■ Dataset section
━━━━━━━━━━━━━━━━━━━━

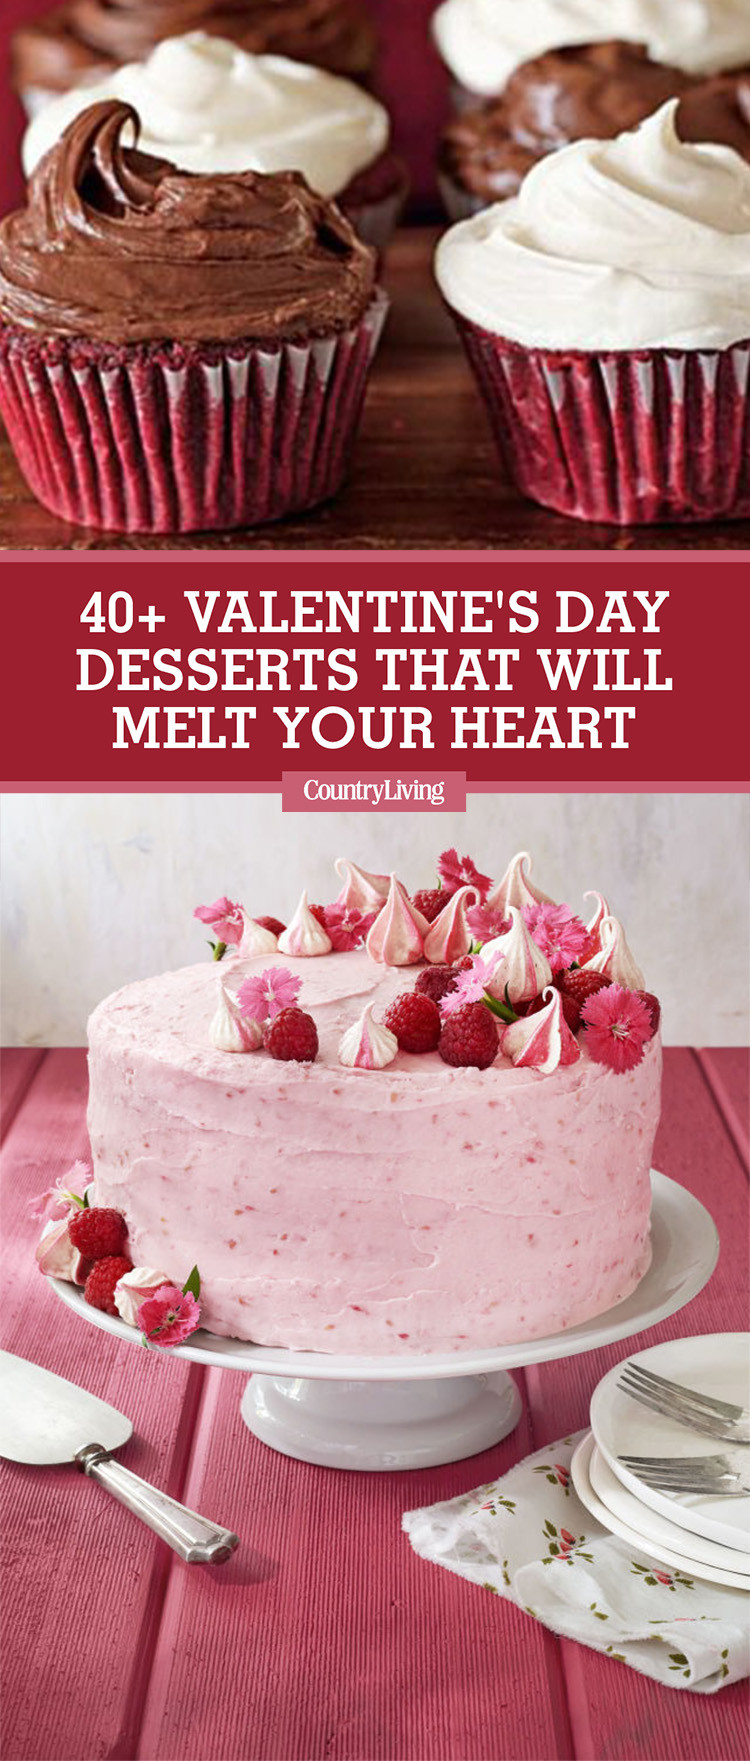 Valentine Desserts Easy
 42 Easy Valentine’s Day Desserts Best Recipes for
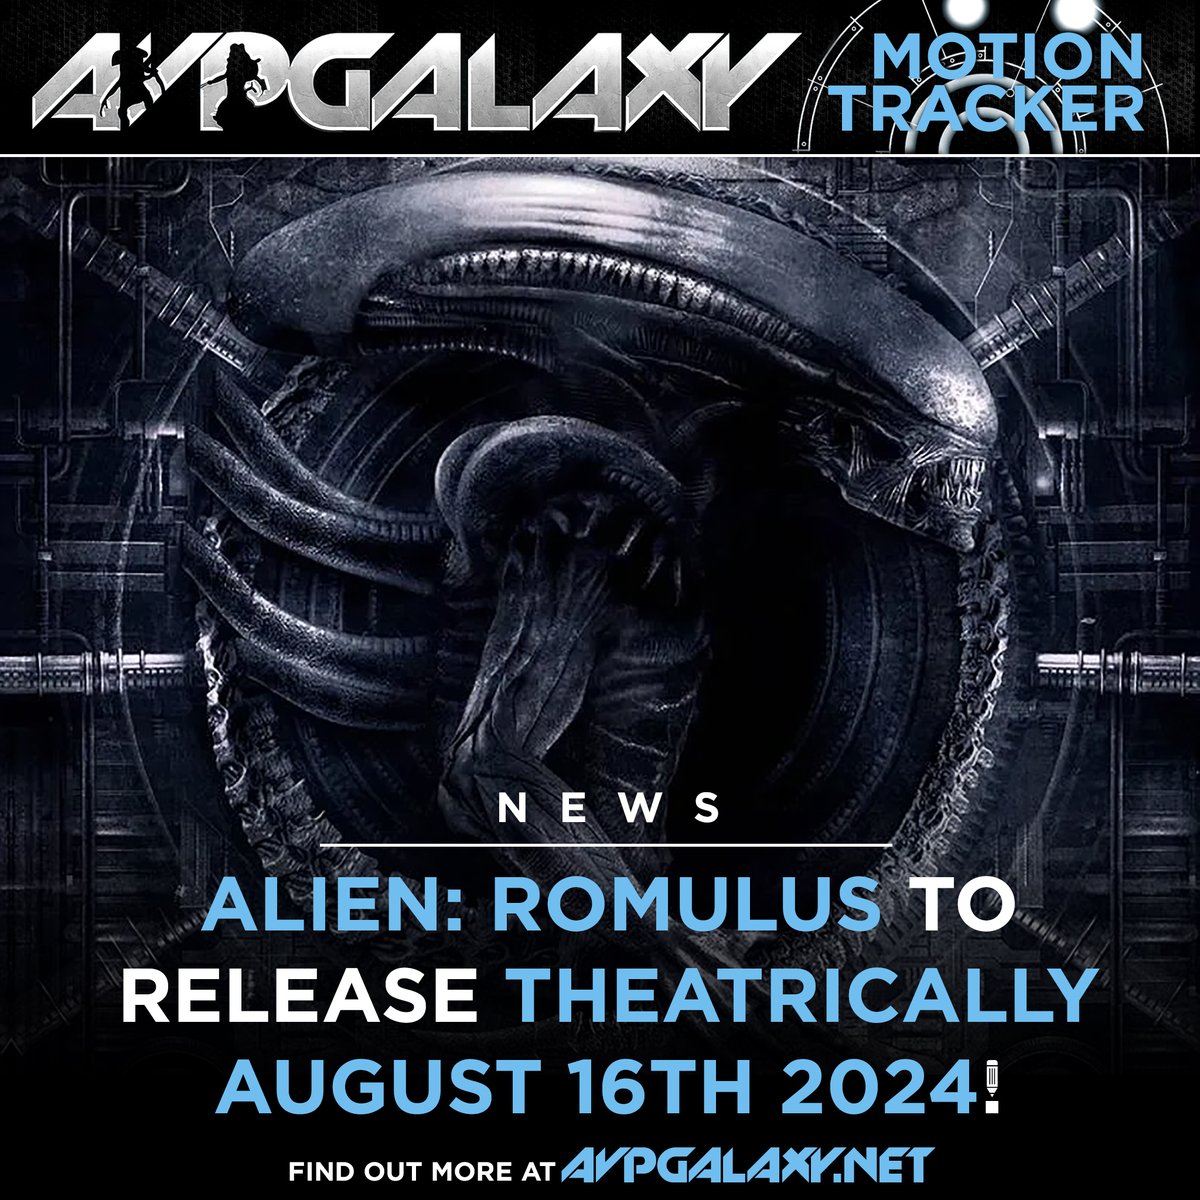 Alien: Romulus To Release Theatrically August 16th 2024! avpgalaxy.net/2023/06/13/ali… #Alien #Aliens #AlienRomulus #FedeAlvarez #IsabelaMerced #CaileeSpaeny #ArchieRenaux #DavidJonsson #SpikeFearn #AileenWu

━━━━━━━━━━━━━━━━━━━━

■ Assigned task
Starting at the line with "42 Easy Valentine’s", transcribe the listing above exactly through its last line. No picture belongs in the transcription.

■ Response for this exercise
 42 Easy Valentine’s Day Desserts Best Recipes for
 Alien: Romulus To Release Theatrically August 16th 2024! avpgalaxy.net/2023/06/13/ali… #Alien #Aliens #AlienRomulus #FedeAlvarez #IsabelaMerced #CaileeSpaeny #ArchieRenaux #DavidJonsson #SpikeFearn #AileenWu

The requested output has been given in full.